The trade was a huge score. Around the office, though, there were no high fives or champagne popping. Andurand was waiting for things to turn.

By the early summer of 2008, Brent futures were trading at stratospheric prices. Meanwhile, the U.S. markets were in distress. Bear Stearns had collapsed into JPMorgan Chase’s arms, Lehman Brothers was flirting with failure, and housing in the U.S. was tumbling downward. No matter how great the demand out of China, the breathless pace of commodities prices would have to slow.

BlueGold’s partners told investors their optimism had cooled. After crude oil hit $135, Andurand and Crema wrote in an investor letter, the fund had sold off some of the positions it had taken when betting that crude would trade much higher in the longer term, and focused those bets more on the immediate future. BlueGold was now effectively betting that the price of crude would stay high for the next few months, but fall sharply in the coming few years.

Andurand was nervous. Every day he’d get up and pore through the overnight market reports, searching for clues. Mornings were typically slow in London’s commodity markets, so he had plenty of time to bum around his Knightsbridge apartment and worry. There was a lot of noise about the broad market’s movements, mushrooming crises in the banking and mortgage sectors, and stubbornly high crude futures, which had become the source of much hand-wringing in the U.S., where members of Congress
were convening hearings almost weekly to address the public’s outrage over ballooning costs of gas and other products.

But there was little a newspaper could tell Andurand that would ultimately change his thinking.

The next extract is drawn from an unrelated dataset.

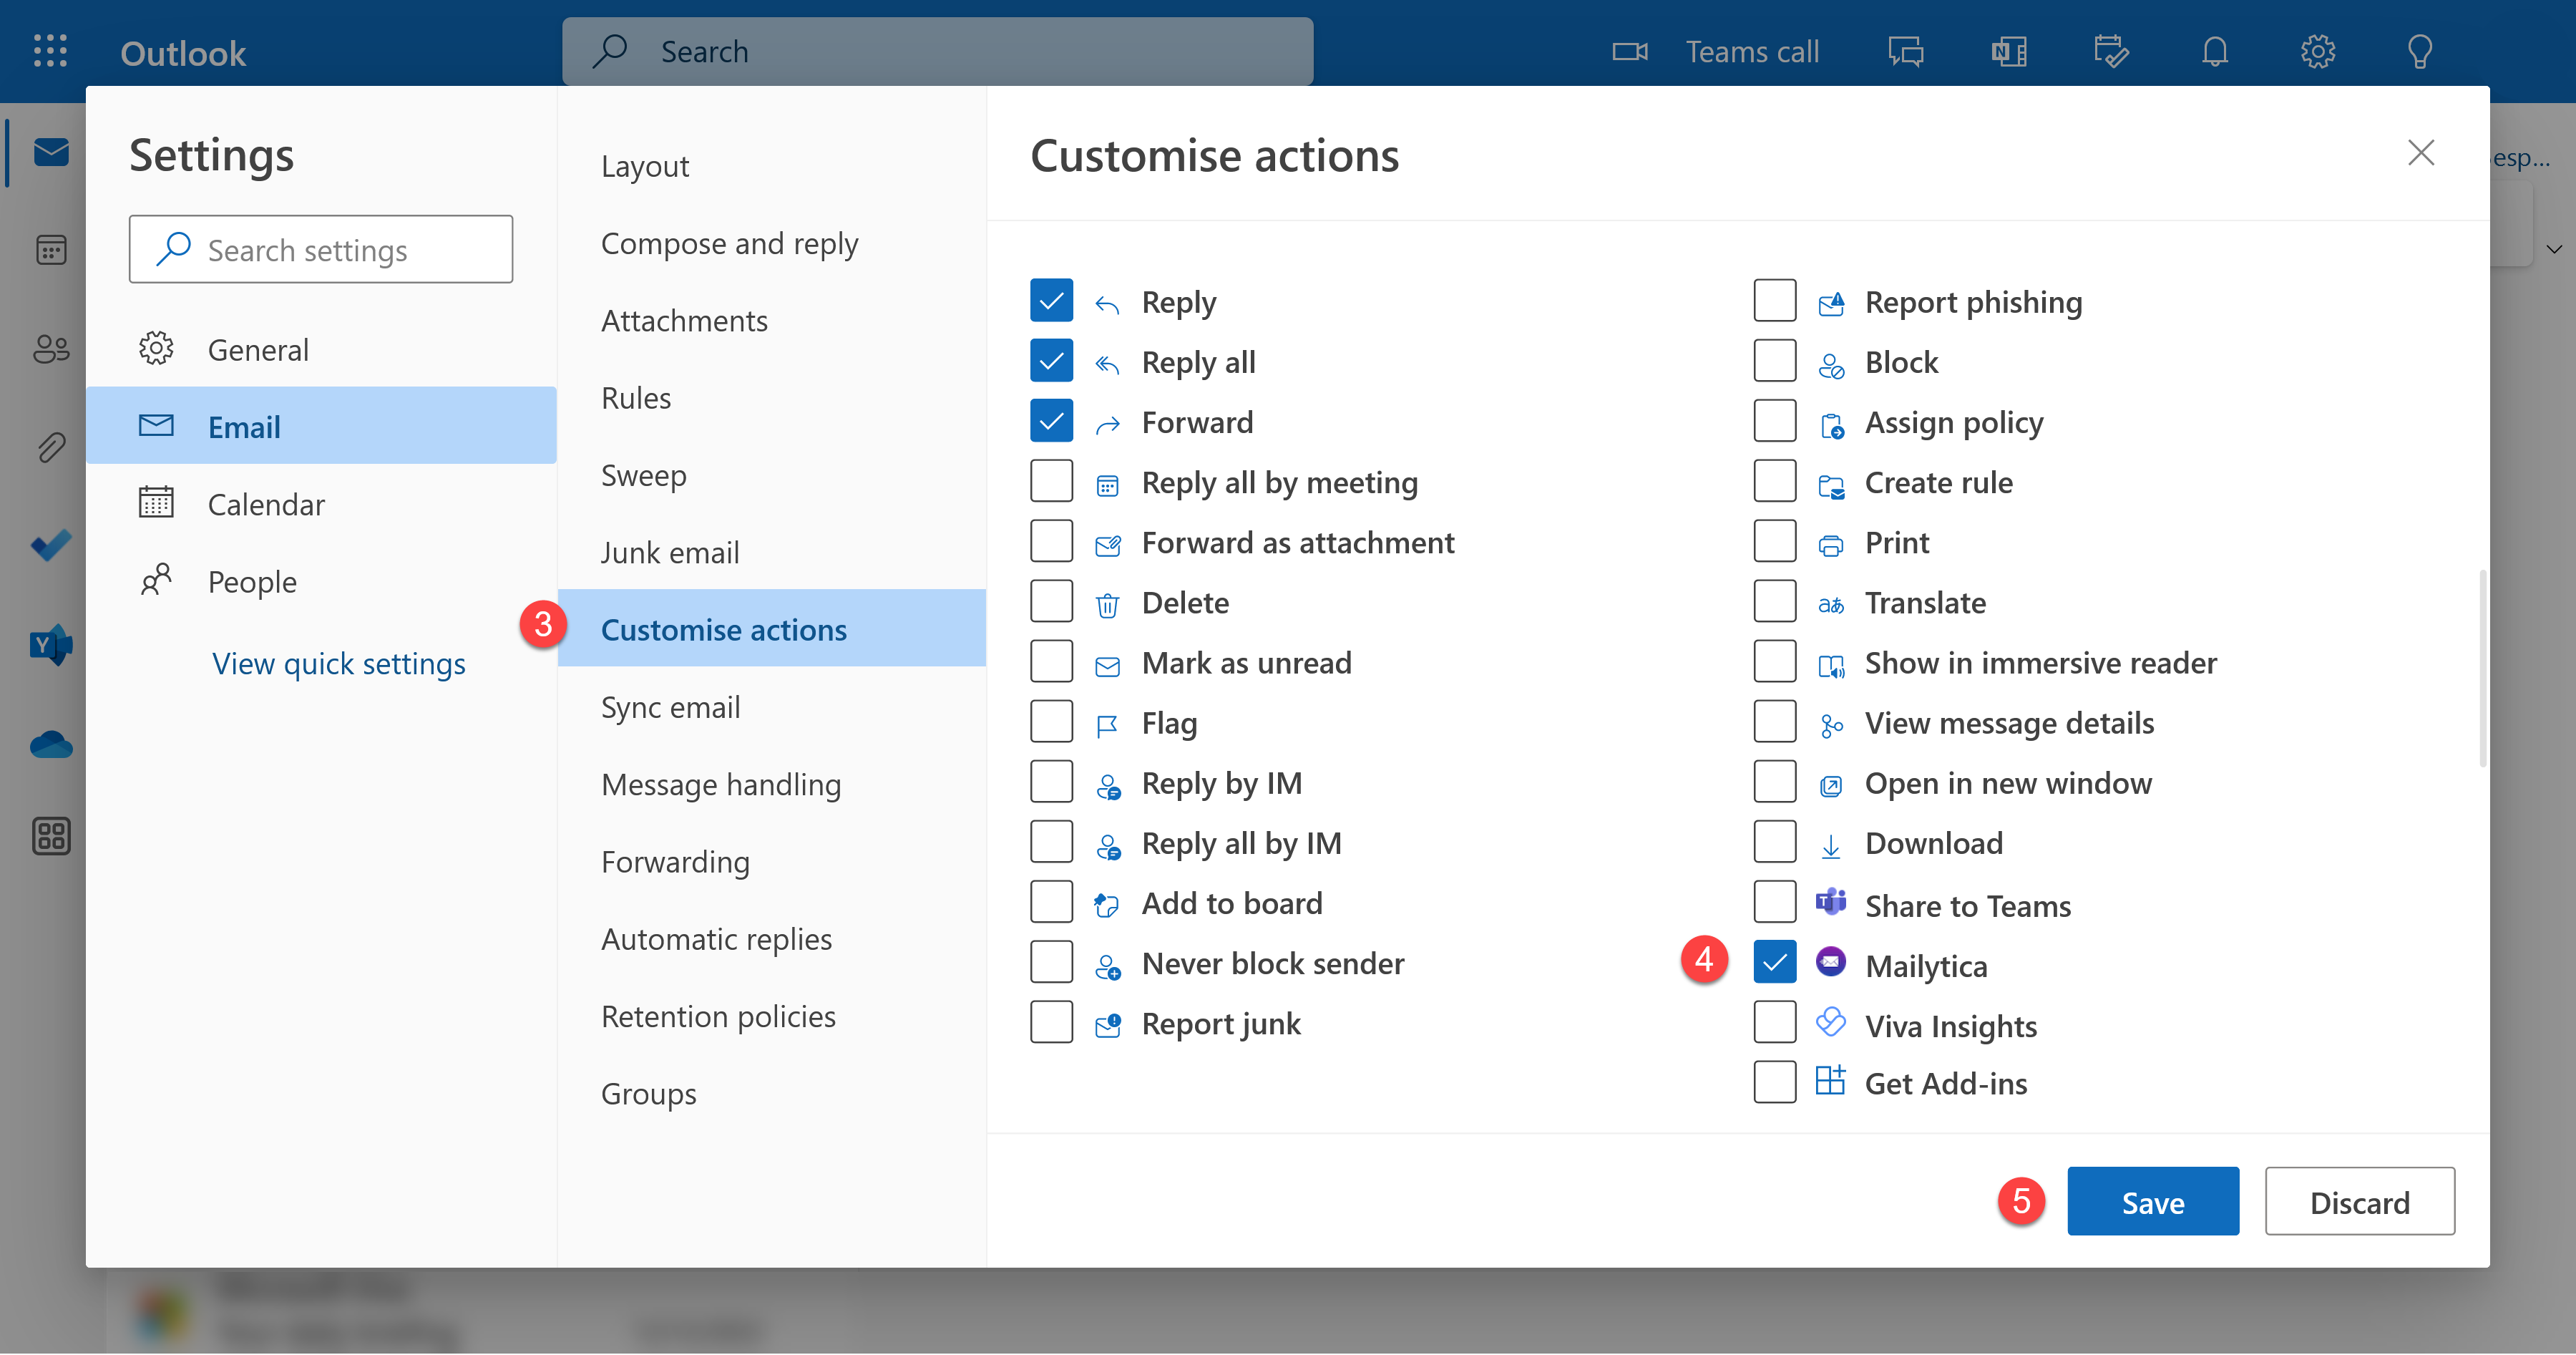 Outlook on the Web actions

For all his research, he traded essentially on gut instinct. It was clear to him that things had recently shifted, and that the price of crude and refined products would be depressed by the global tumult. He thought all this would bear out in the coming months; he just wasn’t sure when.

The rest of the market appeared equally torn. As a result, oil prices fluctuated multiple dollars per day, in huge moves at a time. The argument for higher prices was that geopolitical issues—threats of a possible
nuclear weapon in Iran, or labor strikes in Nigeria—would crimp the production of oil, leading to sticker shock for the supplies that were available. The case for lower prices was that the U.S. credit crisis was worsening, dampening orders and spending in other continents and ultimately risking oversupply of crude.

Longtime market watchers were stumped by the mixed messages, and some even argued to reporters that the oil market was broken. “
This whole industry has been absolutely turned on its head,” an energy analyst told the
New York Times
. Price moves that had once taken five years, the
Times
pointed out, were now taking far less time—such as the $60 upswing that had occurred over the prior twelve months. Overall, prices had been climbing for seven straight years, the
Times
added—a trend unheard of since oil drilling began in the 1850s.